• Exercise data:
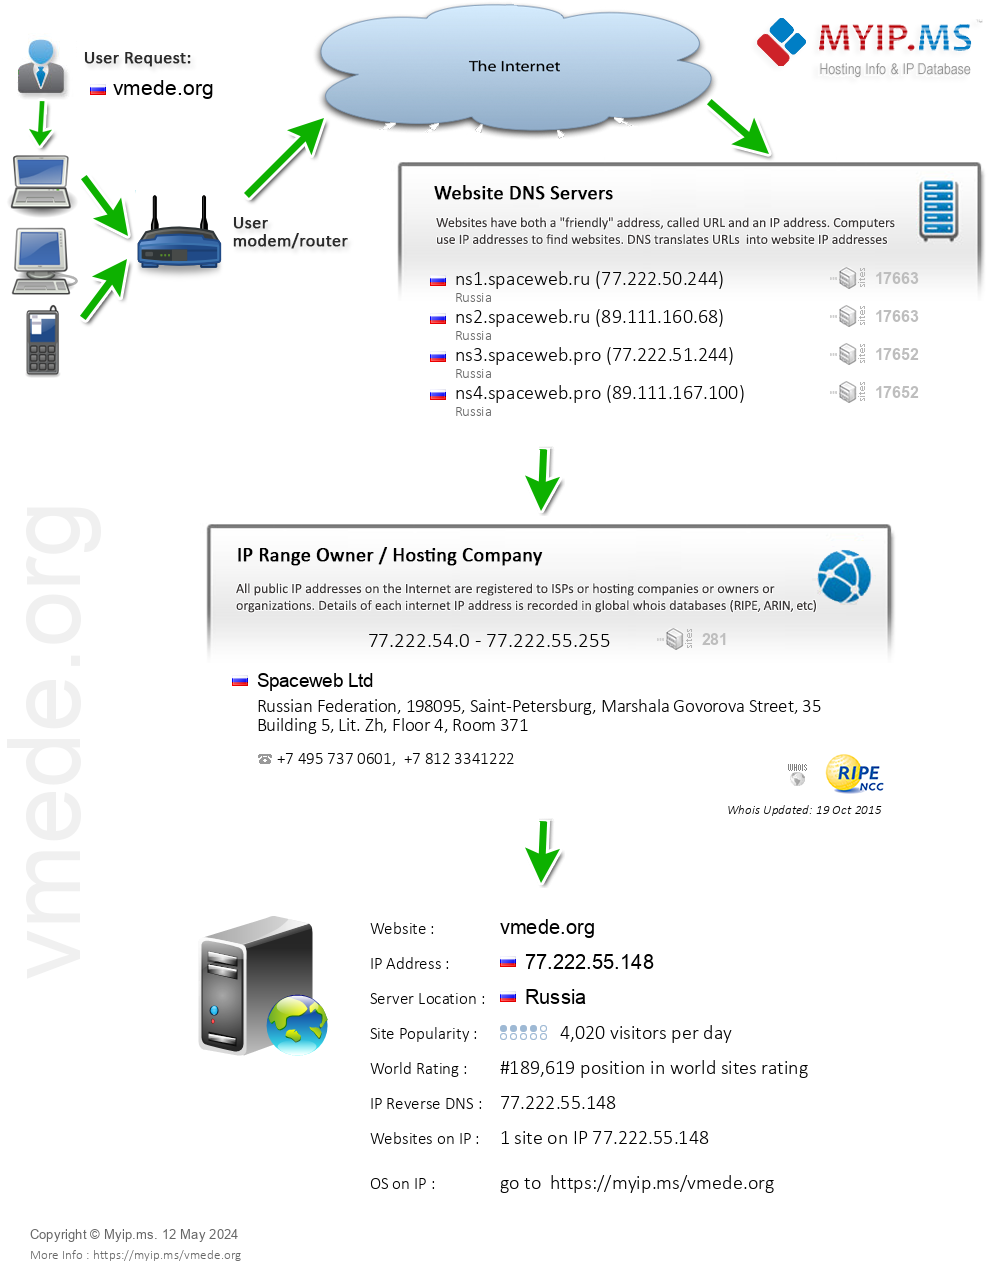 Vmede.org - Website Hosting Visual IP Diagram
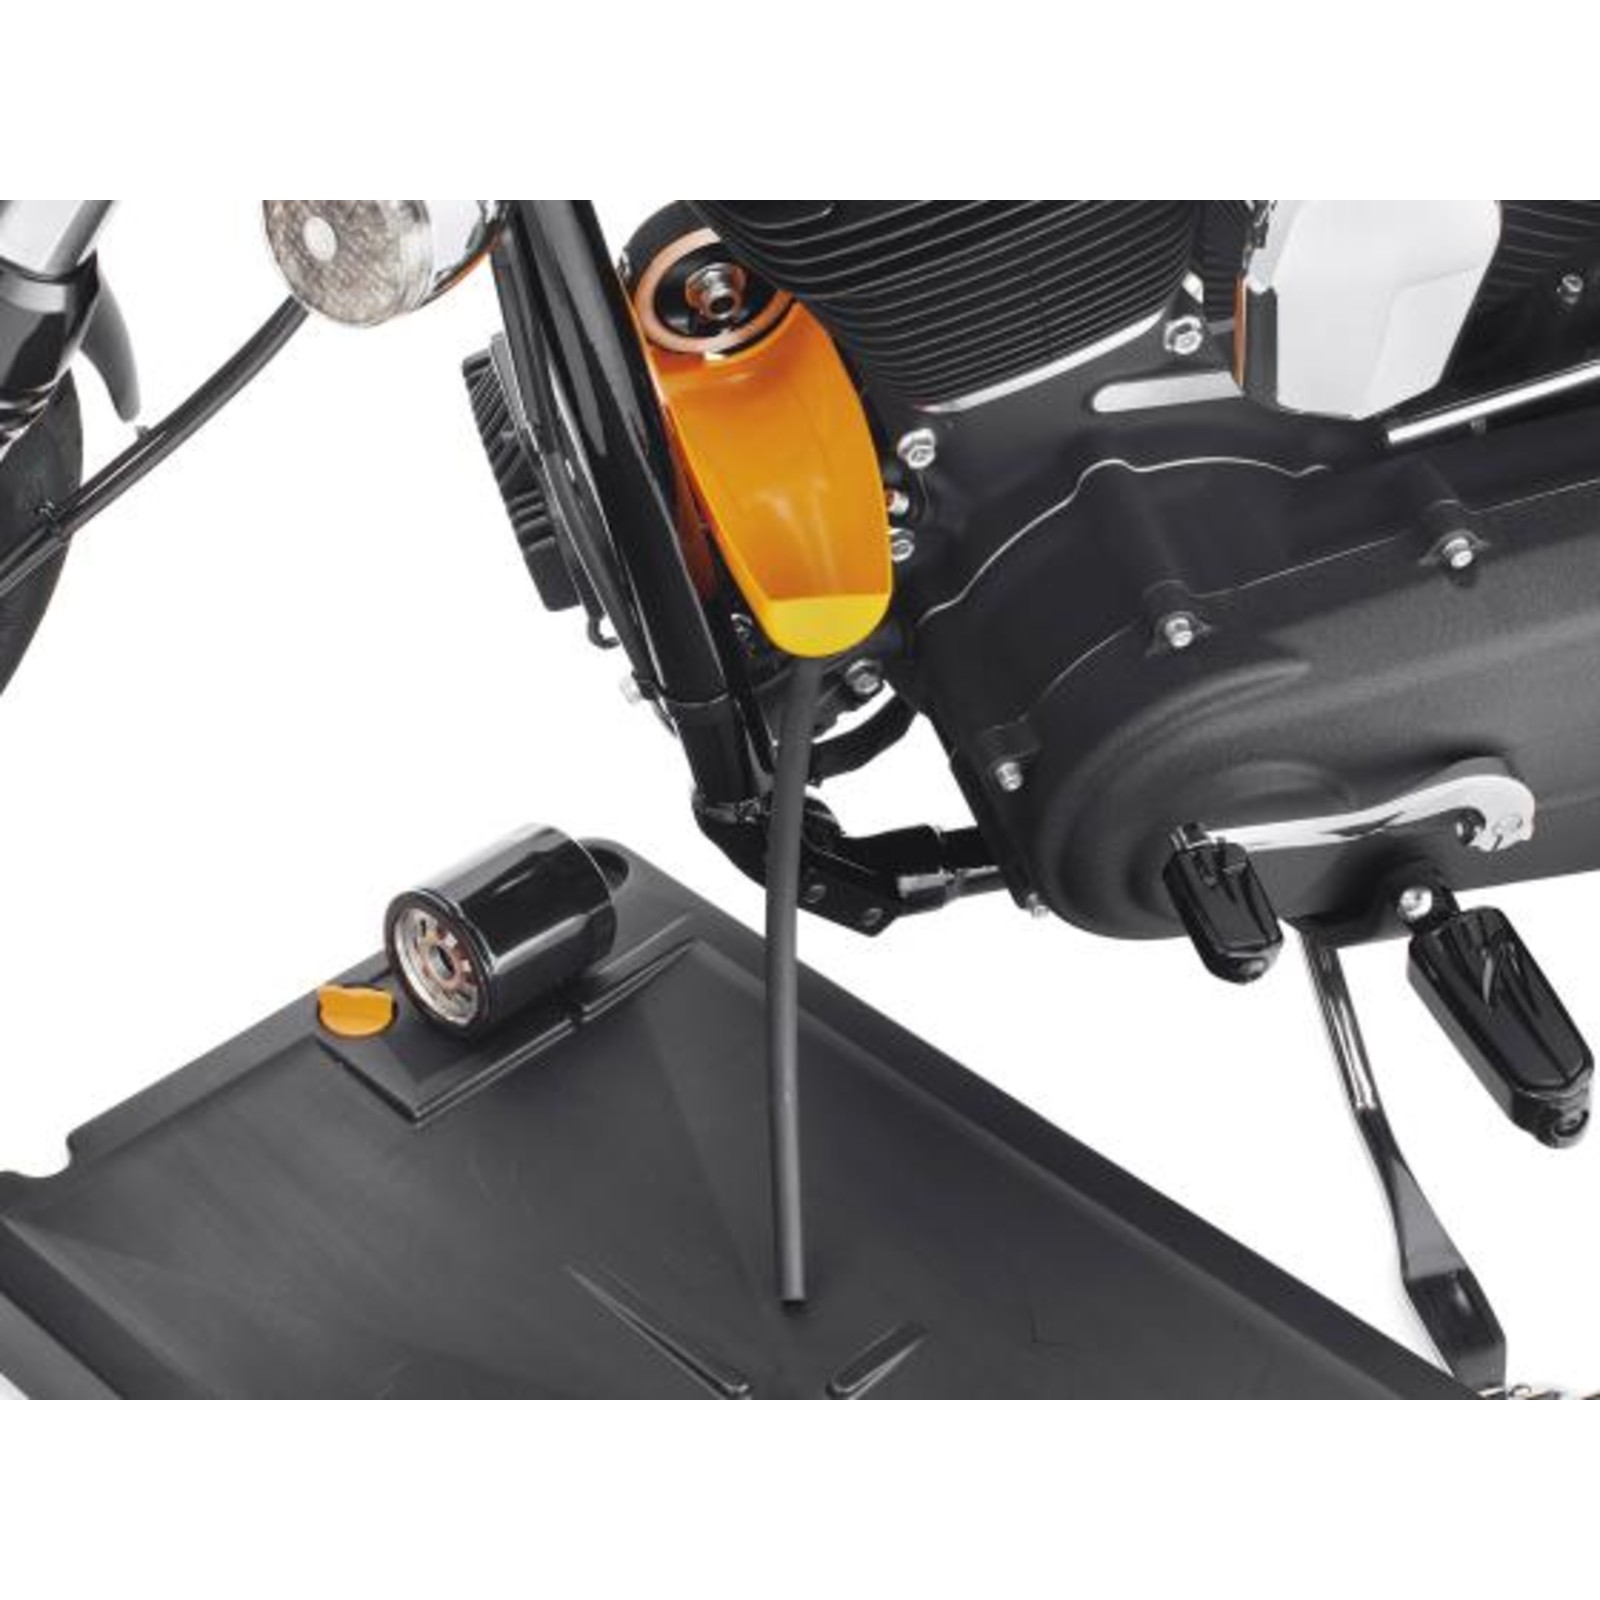 Öl-Ablassschraube, Colony, magnetisch, OEM Style, 1/2-20 -   - Zubehör & Ersatzteile für Harley-Davidson® Motorräder
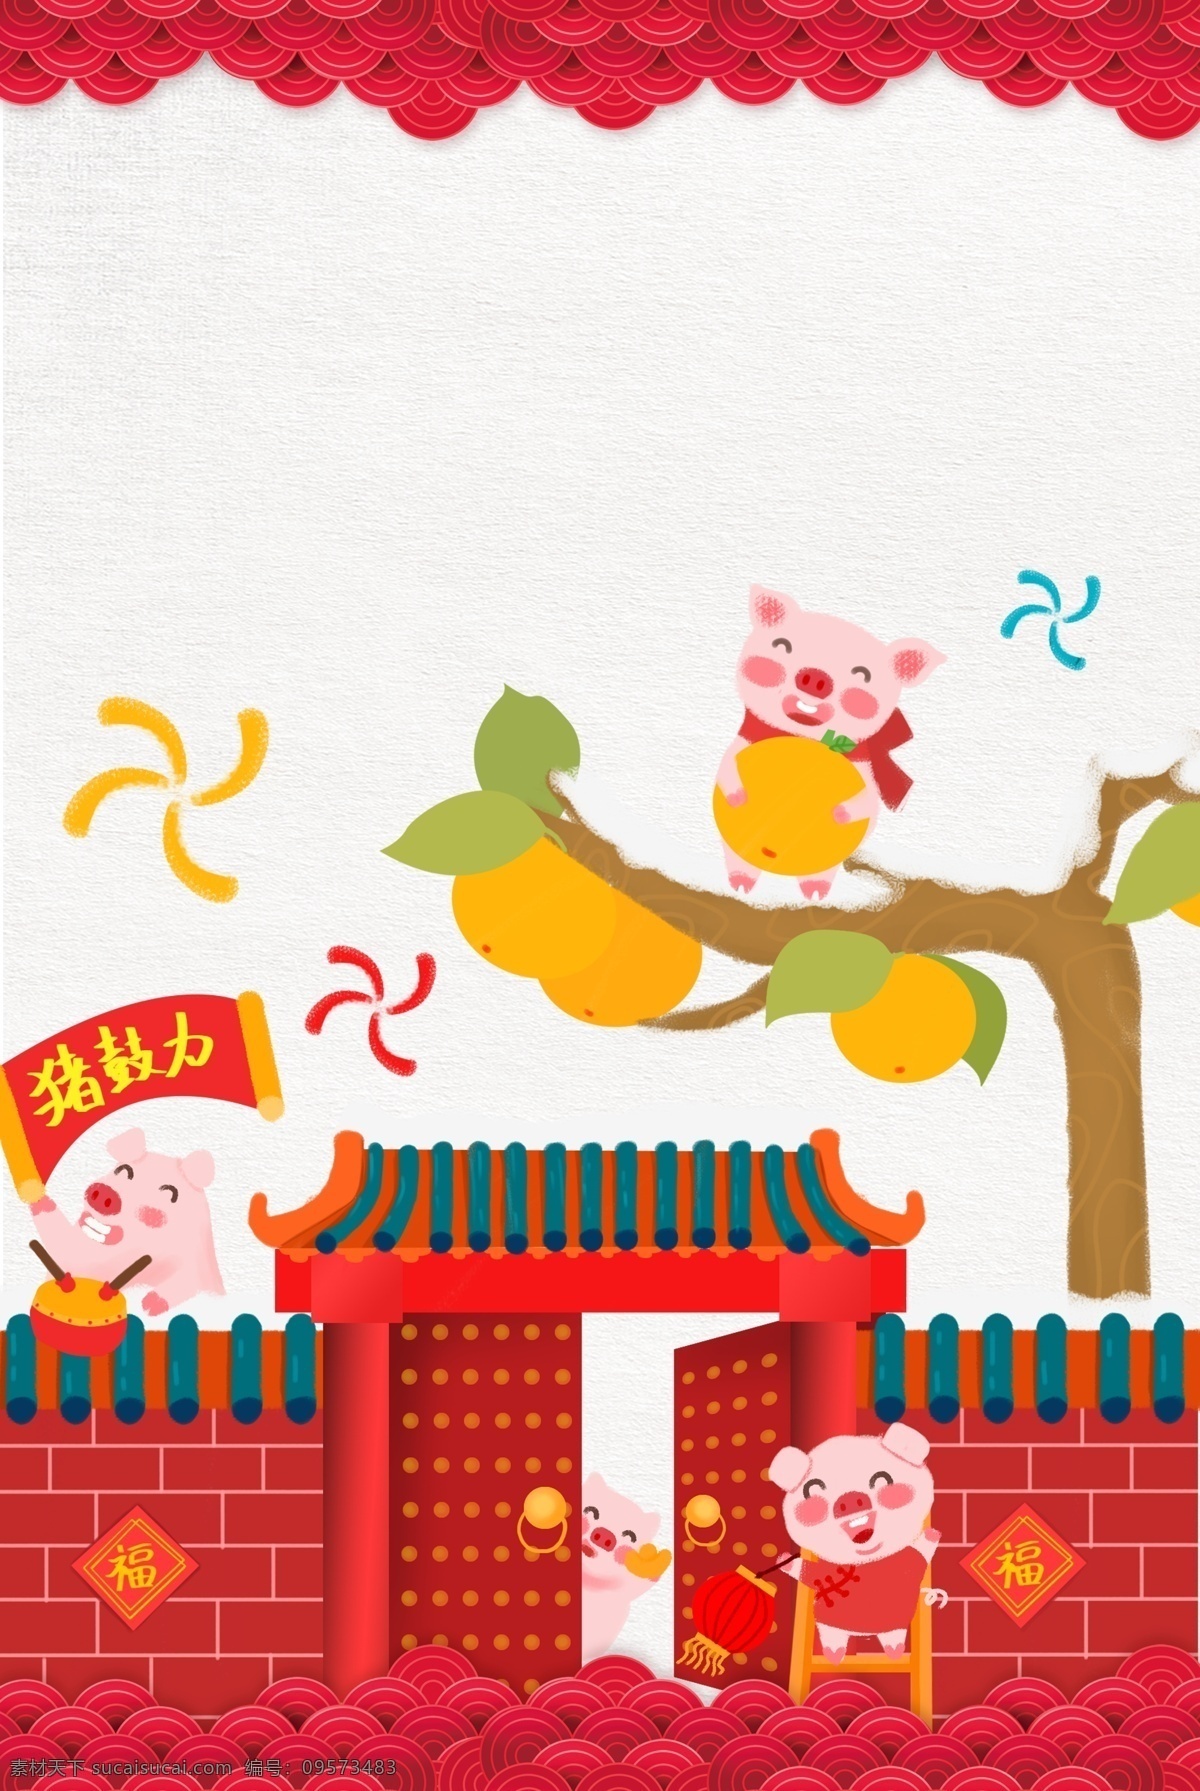 春节 卡通 手绘 庆祝 新年 海报 古代 建筑房子 可爱的小猪 敲鼓的小猪 大吉大利 元宝

• Exercise: After locating the line that contains "Öl-Ablassschraube, Colony, magnetisch, OEM", output it and all later lines through the end of the material exactly, leaving out pictures.

• Response below:
 Öl-Ablassschraube, Colony, magnetisch, OEM Style, 1/2-20 -   - Zubehör & Ersatzteile für Harley-Davidson® Motorräder
 春节 卡通 手绘 庆祝 新年 海报 古代 建筑房子 可爱的小猪 敲鼓的小猪 大吉大利 元宝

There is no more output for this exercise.